“Bolu, Çankırı, Kastamonu, Sinop, Karabük, Zonguldak ve Bartın” illerinin Ankara gurbetindeki “hemşeri” derneklerinin oluşturduğu “Ankara Uluslararası Batı Karadeniz Birliği Platformu” taleplerini bir bir sıraladı…
İllaki kafada “BAKAP” var.
(“BAKAP” talebinin “sivil toplum” nezdinde il il rağbet görmesi olumlu bir seyir…
Devlet katında “kabul” göreceği günlere darısı.)
“Ankara Uluslararası Batı Karadeniz Birliği Platformu” bu hafta düzenlediği yönetim kurulu toplantısında 3 “duayen” siyasetçiyi video konferans aracılığıyla konuk etti…
“Kastamonulu Murat Başesgioğlu, Bartınlı Köksal Toptan, Karabüklü Mehmet Ceylan.”
(Toptan ve Ceylan devlet katında aldıkları görevler ile iktidar partisi güzergahında yola devam ediyorlar…

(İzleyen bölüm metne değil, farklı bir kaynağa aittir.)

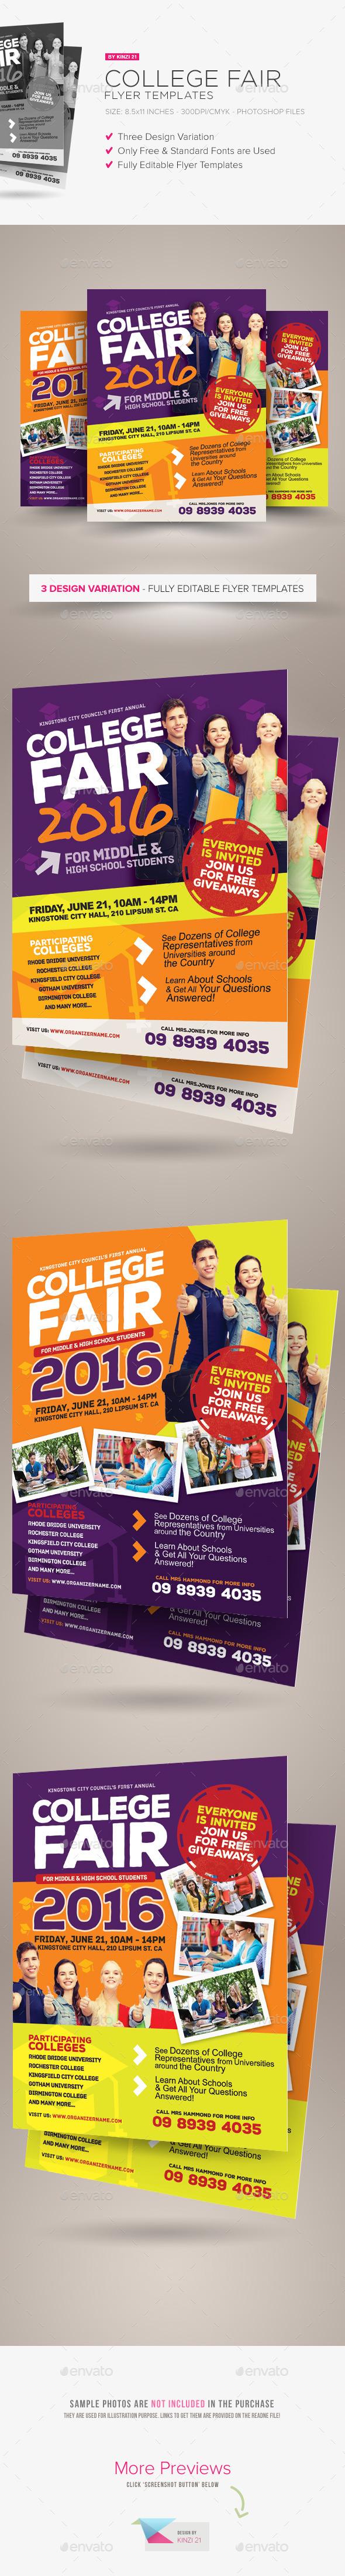 college fair flyer templates flyers flyer template and colleges college fair flyer templates

Aktif siyasete “ara” veren Başesgioğlu’nun ise özellikle “açılım” mevzusunda dile getirdiği önsezileri “gök kubbede hoş bir seda” olarak yankılanıyor.)
3 tecrübeli siyasetçinin görüşleri elbette çok kıymetli…
Özellikle Başesgioğlu ve Toptan’ın siyasetteki “kariyer” çıtalarına “yanaşabilmek” bile hayli zor.
(3 ayrı bakanlık koltuğunda oturan Başesgioğlu misali bir “yıldız”…
Ancak rüyasında görünür Kastamonu’ya bu gidişle.)
Toplantıda 7 ilin dernek temsilcileri de görüşlerini dile getirdiler sosyal medya paylaşımlarından anlaşıldığına göre…
“BAKAP (Batı Karadeniz Projesi Bölge Kalkınma İdaresi) kurulması”, “Bölgesel Meslek Hastalıkları Şehir Hastanesi” (Göğüs hastalıkları merkezli), “Esenboğa-Çankırı Metro yada YHT Hattı”, “Otomobil Fabrikası” (Filyos Vadisi), “Ormancılık Yol Haritası”, “IPARD”.
Önemli bir karar daha alındı…
“Bölgesel sorunların bölgesel güç ile çözülebileceği anlayışı ile Birlik taleplerinin Cumhurbaşkanlığı Makamı nezdinde de temsil ve taktir görmesi için gerekli girişimlerde bulunulması kararlaştırıldı.”
(Karar almak kolay…
Uygulamak zor.)
“Batı Karadeniz Bölgesi” ülkemizin “sessiz” ve “kimsesiz”yegane bölgesi olarak kaldı bir başına…
Siyaset namına yine ne varsa eski tüfeklerde mi var acep?
(Yeni kuşak siyasetçiler “Zamanında onlar niye yapmamış?” derler mi bilinmez…
Deseler de keşke bu sayede bir “konuşma” ortamı oluşsa ilimizde.)